If you really want to buy a mid or high end SLR, you should already be at least semi-serious about photography. Otherwise, you won't get as much out of your purchase as you should. If you're just looking for something to take snapshots of friends, then do yourself a favor and either get a high-end compact or maybe a low-end SLR.

Now, let's assume you are at least semi-serious about photography? What type of art do you like to produce? Sweeping landscapes? Portraits? Sports shots? Birds/wildlife? Gritty street/personal shots? Architecture? Macro/closeups? All of them have different answers for what type of lenses are best for you.

In general, you can pick lenses that are mediocre for a lot of tasks, or ones that can do fewer tasks but do those really well.

For any particular photograph, there are two properties for a lens: focal length and aperture. A smaller focal length is wider-angle, and a larger focal length is narrow-angle. Small focal lengths also amplify perspective, while large focal length make the image seem flatter. 50mm has the same level of perspective as the human eye. A zoom lens can select from a range of focal lengths.

Aperture is the amount of light the lens lets in. A small (wide) aperture like 1.8 or 2.0 lets in more light but has less of the image in focus. A high (narrow) aperture like 8 or 10 lets in very little light but has most of the image in focus. Either your camera chooses the aperture for you or you choose it from the controls on the camera. Lenses are rated by the widest/smallest aperture they allow. A minimum aperture of 4 is good, and a minimum aperture of 2.8 is better because it gives you more flexibility.

If you're really into wide-angle landscapes, you really want a lens that can do well under 30mm (full frame sensor) or 17mm (crop sensor).

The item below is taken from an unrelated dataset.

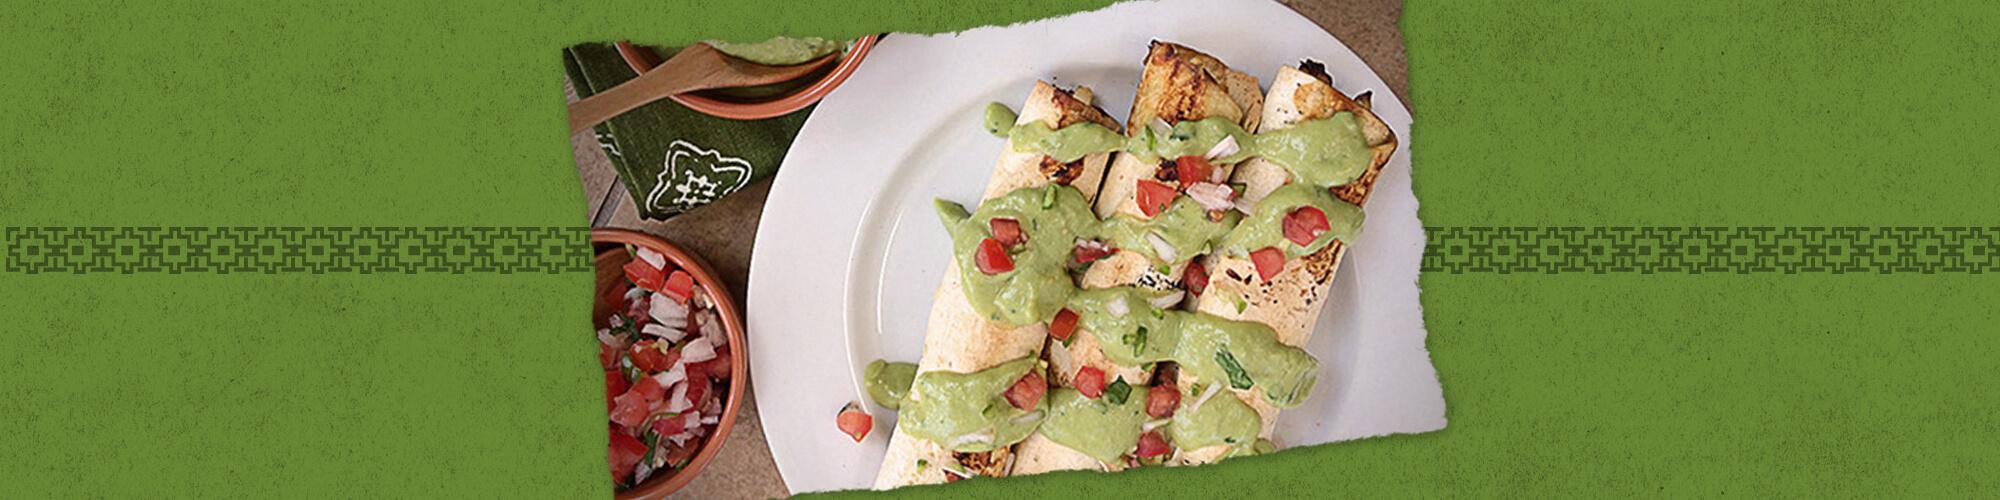 Salsas baked taquitos

In the Canon world, the good lens for that is 16-35/2.8L. It also works well in confined spaces and low light, like wedding receptions. But, the perspective distortion from 16mm makes people look funny, so you have to be further away.

If you want to do people/street photography, you want 50mm-100mm. Though I've also been able to get a lot of good outdoor reception shots from across a gathering with 100-200mm. The advantage there is there's no camera nearby so people relax. Image stabilization also helps here, since you might have to react faster and move around a lot.

If you want sports or wildlife photography, you want 300mm or greater. Be aware that a high end 400mm lens is more than your entire budget.

The kit lens for a 7D is a 24-105/4L IS. I have that lens, and it's very good for portraits and street photography and good for landscapes. I actually have that lens on my 5D most of the time, with a crop body and a 70-200/4 for mild telephoto shots and some primes for lower-light shots. I don't do sports or wildlife photography, or I'd want a still longer lens for that.

For most general-purpose people shots, the 24-105 that comes with the 7D works very well. Since the 7D is full frame, that's wider (with less distortion) than the 17-88 mentioned before on a crop body.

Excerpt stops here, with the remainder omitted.